Isotta Reichenbach has successfully defended a County court claim brought by a claimant seeking damages for an alleged breach of UK GDPR and the Data Protection Act 2018 by the defendant, a gambling company.
The case concerned a Data Subject Access Request (DSAR) made by the claimant to the defendant via email correspondence. Under the relevant statute and rules, the defendant, as a data ‘controller’ was required to comply with this request within one month and furnish the claimant with his personal data.
The claimant wrote several further emails to the defendant, to various email addresses. He claimed that these emails ‘bounced back’ and that he had never received a single email from the defendant. The defendant’s case was that it had in fact sent the claimant’s personal data to him via email within the one-month period.
Despite an attempt at mediation, the claimant continued to maintain that the defendant was in breach of their obligations, and that he should be entitled to compensation; this was for distress caused by the breach ‘per se’ and compounded distress for not being able to address ‘a gambling addiction’ without his personal data.

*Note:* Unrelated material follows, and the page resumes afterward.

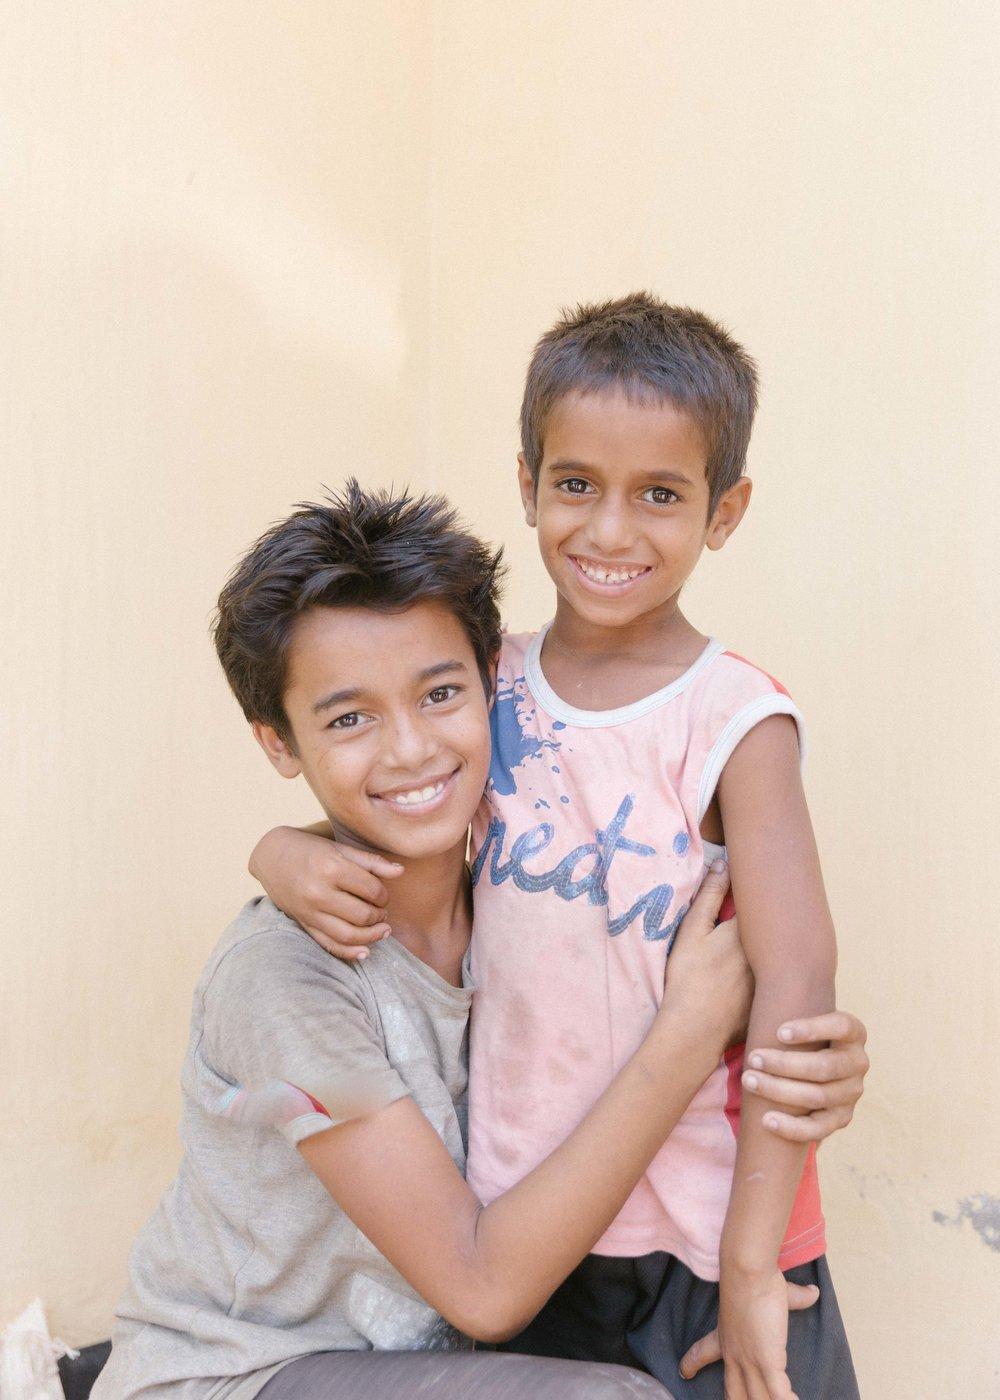 jessore_bangladesh_travel_portraiture_photography

After submissions, the Deputy District Judge found in favour of the defendant. In his judgment, he found that whilst it was impossible for the claimant to prove a ‘negative’- that he had never received any emails- he found that the defendant had complied with its statutory obligations as far as it was required to. Further, he found that even if the claim had been successful, any distress said to have been suffered by the claimant was not properly evidenced to warrant the desired compensation.
Isotta Reichenbach was instructed by Archie Berens of Costigan King.